Earlier this week, Verizon came under fire for throttling a fire department's unlimited data while it was responding to the massive Mendocino Complex Fire that's ravaging California. The department was ultimately pushed into a more expensive plan in order to avoid speed caps. After the incident came to light and stoked widespread criticism of the company, Verizon said in a statement that its response was a "customer support mistake" and that it often lifts speed restrictions for emergency responders. Today in a new statement, Verizon added that it has now lifted speed cap restrictions for first responders on the West Coast and in Hawaii and is set to introduce a new plan for these types of responders soon.

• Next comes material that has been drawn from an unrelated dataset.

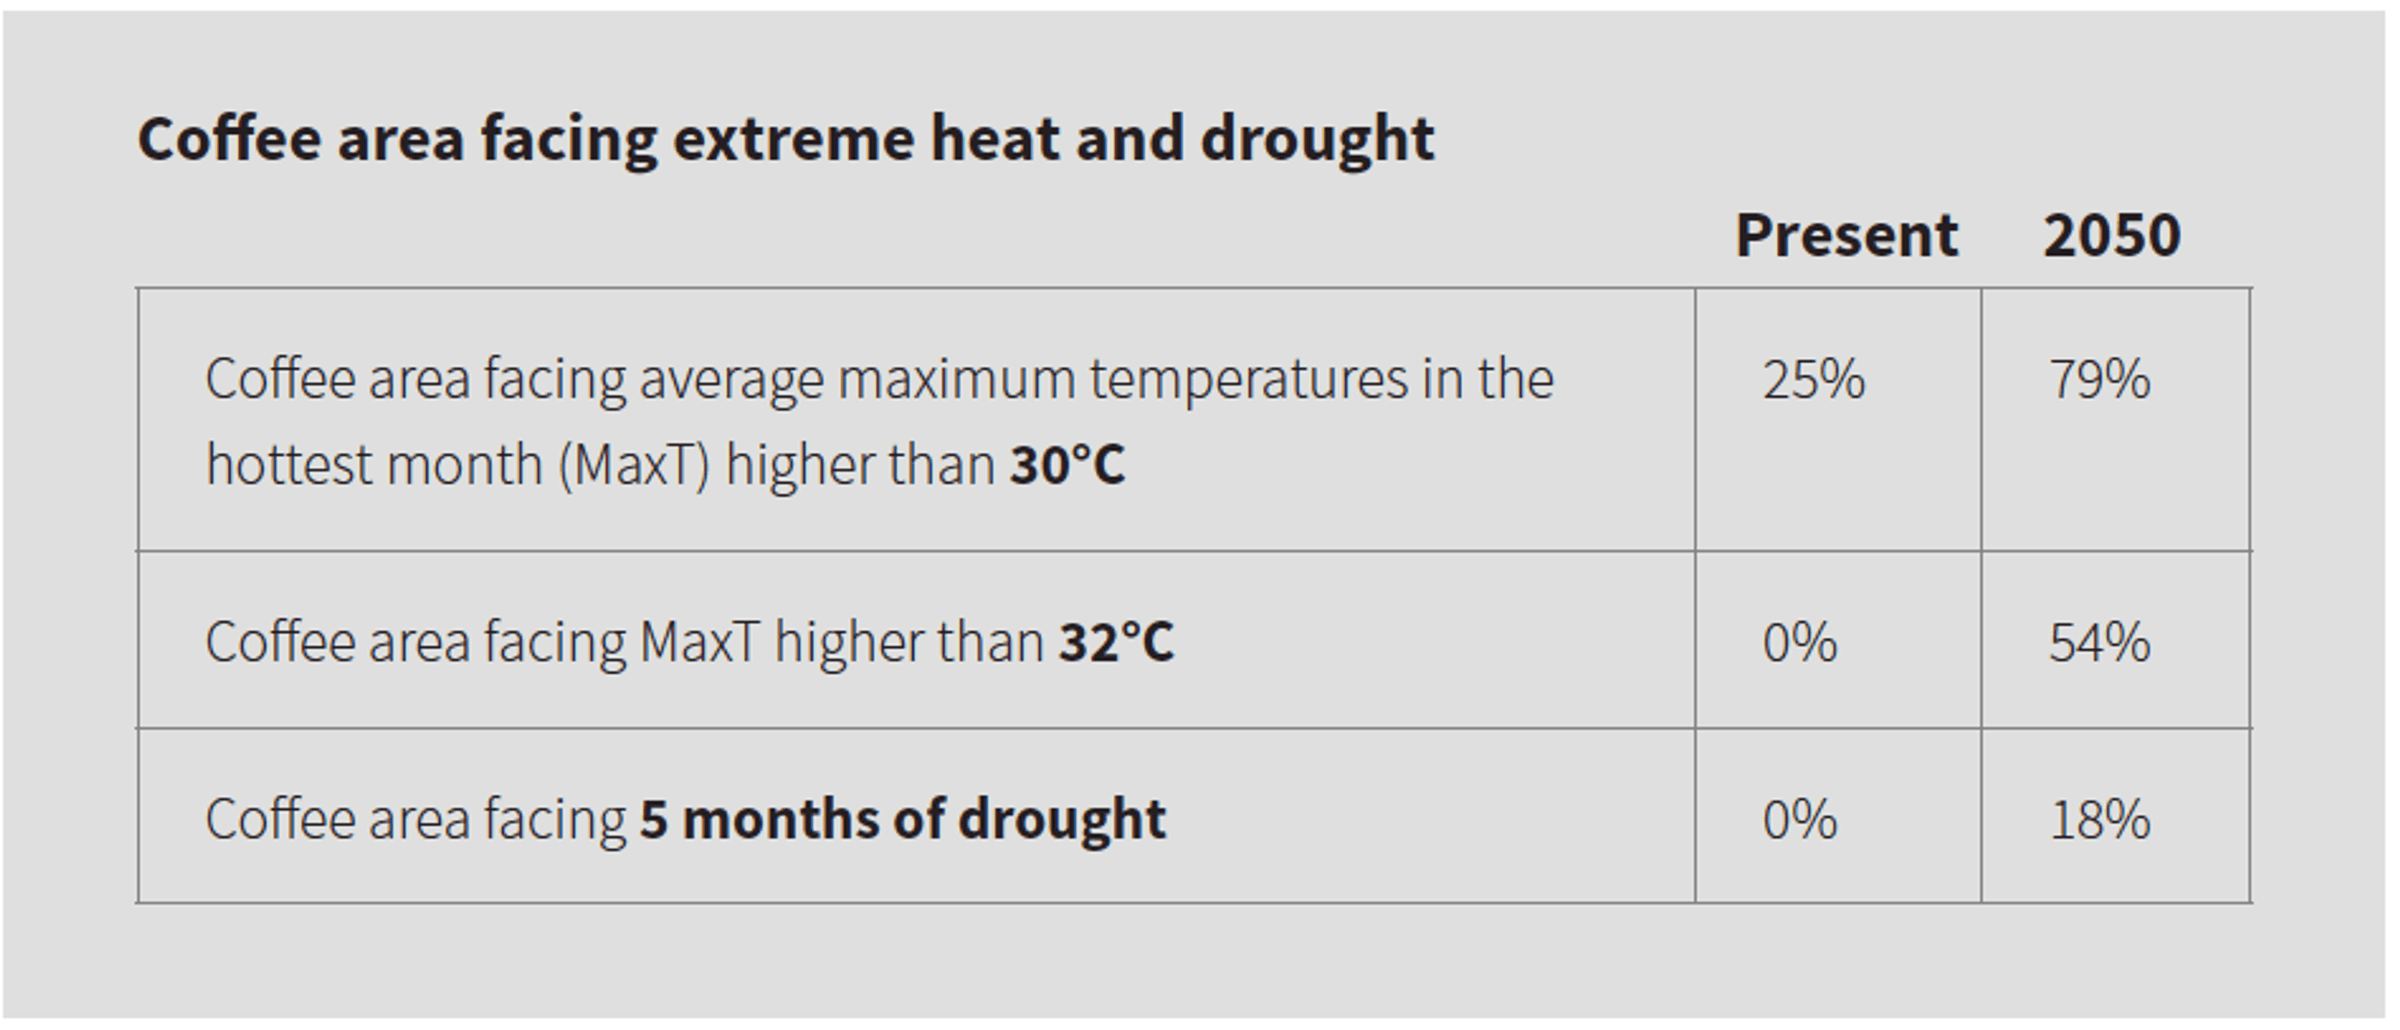 Heat and drought 2050 original

"In supporting first responders in the Mendocino fire, we didn't live up to our own promise of service and performance excellence when our process failed some first responders on the line, battling a massive California wildfire," Mike Maiorana, senior vice president of Verizon's Public Sector, said in a statement. "For that, we are truly sorry. And we're making every effort to ensure that it never happens again."

Yesterday, the company removed speed cap restrictions for those battling wildfires on the West Coast and those involved in Hurricane Lane response efforts in Hawaii. "Further, in the event of another disaster, Verizon will lift restrictions on public safety customers, providing full network access," said Maiorana.

Additionally, Verizon says it will introduce a new plan next week featuring unlimited data with no caps on mobile solutions and automatic priority access. It also said it would "make it easy to upgrade service at no additional cost." More details about the plan will be released at launch.

Verizon owns Engadget's parent company, Oath (formerly AOL). Rest assured, Verizon has no control over our coverage. Engadget remains editorially independent.